Старик только усмехнулся, обнажив редкие желтые зубы.
– Да кому они тут нужны, твои карточки?.. Магазин последний полгода назад закрыли.
– Ну вот за рекой и отоваришь, – встрял Табас.
Кажется, он разгадал замысел напарника. Недалеко отсюда, милях в сорока на север, текла река: в прежние времена одна из самых крупных на Кроносе, очень скупом на воду, а теперь почти пересохшая. Тем не менее, она станет препятствием на пути орды дикарей, и Табас был уверен, что новую линию обороны воздвигнут именно там.
После резни, учиненной жителями пустыни накануне контрнаступления, командованию будет не до разборок. Может быть, им даже удастся избежать расстрела и продолжить службу в Легионе.
«А надо ли оно тебе?», – спросил Табас сам себя и понял, что нет, не надо. Больше всего на свете он хотел вернуться домой к матери, хоть с небольшими, но всё-таки сбережениями. В конце концов, можно было продать автомат и снаряжение, а потом снова завербоваться. Только куда-нибудь на север, подальше от осточертевшей пустыни и дикарей. И от Дома Адмет с их «белыми штанами». Пусть считают, что он пропал без вести.
Старик задумался на пару секунд, прищурившись, а затем сказал:
– Что ж, резонно. Что там у вас?
– Десять суточных пайков.
Хозяин машины сделал вид, что предложение его оскорбило:
– Де-есять? – протянул он, уперев руки в бока. – Нет, не поеду. Смысла нет. Двадцать. – Назвал он свою цену и уставился на Ибара.
– Пятнадцать.
На самом деле, Табас и Ибар могли ему хоть тридцать карточек дать: всё равно в окопах этими талонами можно было лишь подтереться – никаких продуктов по ним интенданты не выдавали, предпочитая сбагривать солдатне всякую гниль.
– Пойдёт, – кивнул старикан, донельзя довольный сделкой. – Заходите в квартиру, посидите, пока я буду собираться. Пить хотите?

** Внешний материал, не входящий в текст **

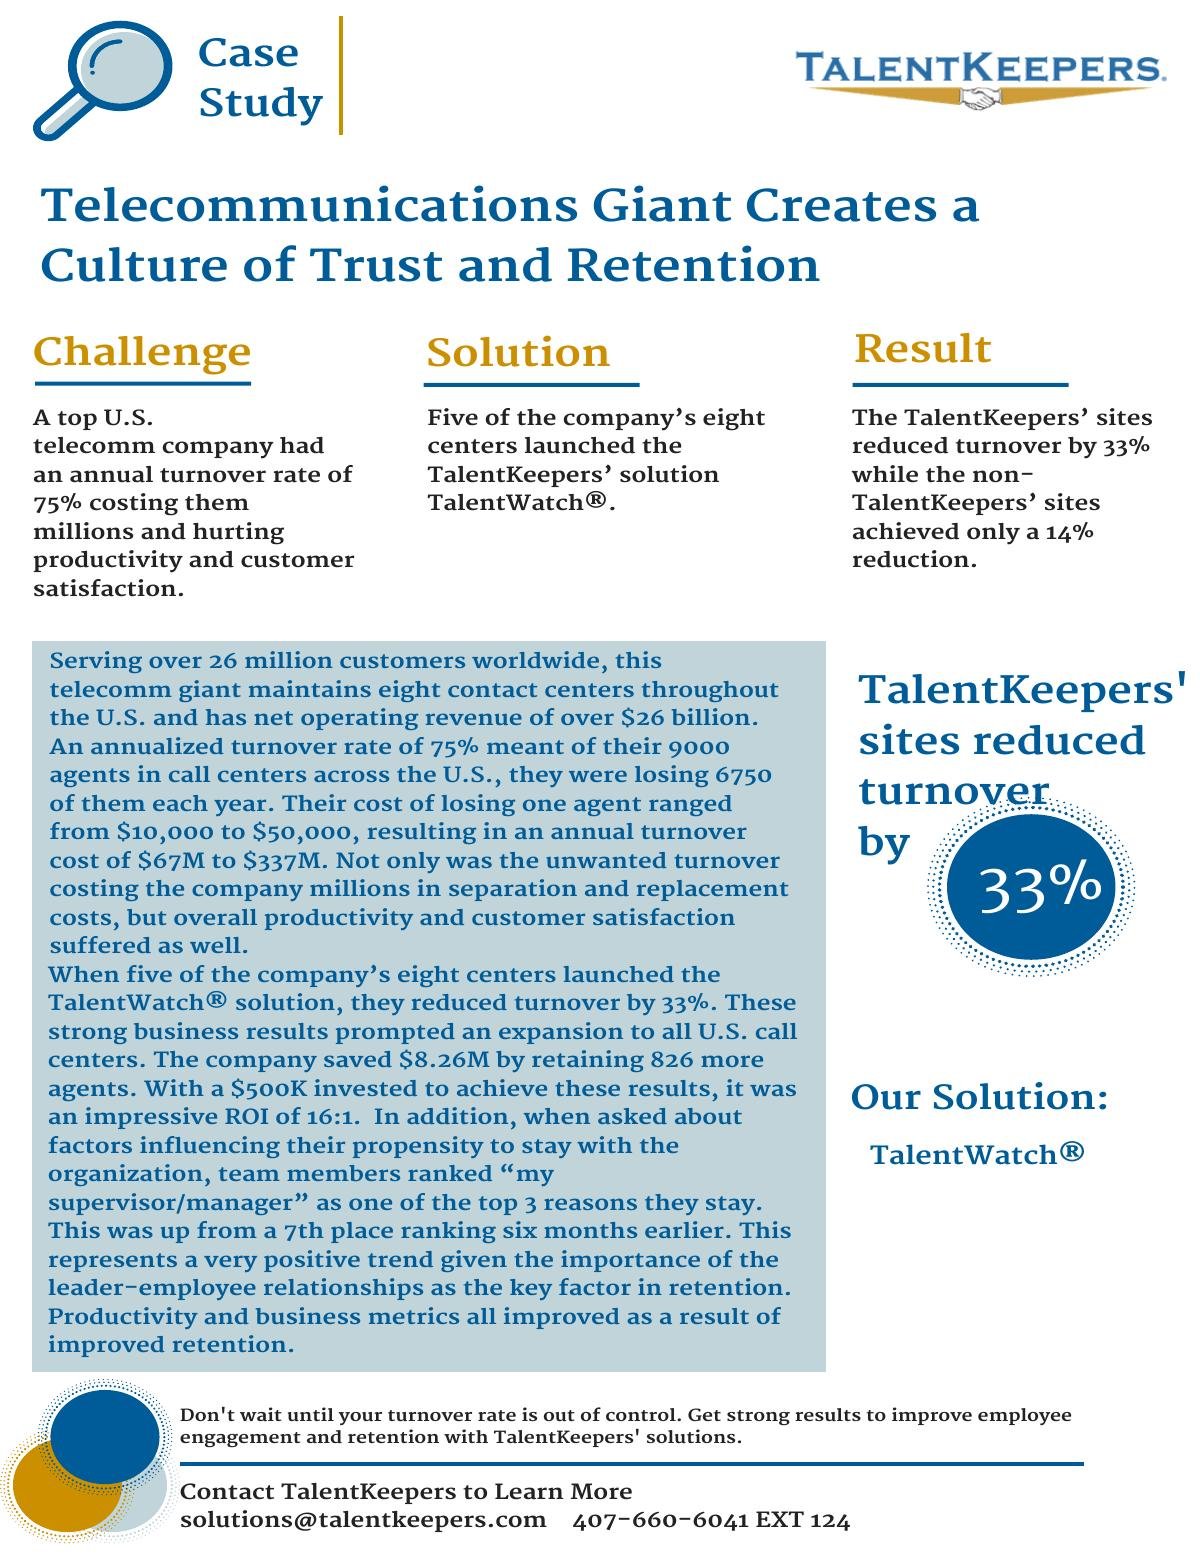 Telecommunications Giant Creates a Culture of Trust and Retention

Разговорившийся хозяин провёл дезертиров в квартиру, которой явно не хватало женской руки. Повсюду пыль, горы нестиранной одежды, мусор, окурки, пустые бутылки. Немытая посуда с засохшей коркой грязи стояла даже на прокуренном и засаленном красном диване, который был, наверное, старше Табаса раза в два.
Пока Ибар с хозяином о чем-то толковали на кухне, наёмник, едва не споткнувшись о пластмассовый таз с замоченным бельём, прошёл в ванную комнату, где с наслаждением вымыл руки и умылся в раковине, по стенке которой протянулся коричневый ручеёк ржавчины. Вода пахла старыми трубами и канализацией, но очень приятно освежала. В конце концов, Табас просто сунул голову под кран и стоял секунд десять, пока ему на затылок лилась тонкая холодная струйка, впивавшаяся в кожу, как игла, бодрящая и успокаивающая одновременно.
Когда молодой наёмник выпрямился, то увидел, что после него на стенках раковины остались крупные коричневые песчинки.
– Поехали, – незаметно подошедший Ибар заставил Табаса вздрогнуть.
Рюкзаки забросили в багажник, сами уселись в салон: обожжённый солдат спереди, а его молодой коллега – сзади.
После первой неудачной попытки завестись, старик сплюнул, выругался и, выйдя из машины, полез под капот. Оттуда то и дело раздавалось металлическое постукивание. Табас открыл окно и, развалившись на сиденье, вдыхал тёплый южный ветер, ерошивший мокрые волосы и охлаждавший тело там, где камуфляж был мокрым из-за воды, стекшей с головы.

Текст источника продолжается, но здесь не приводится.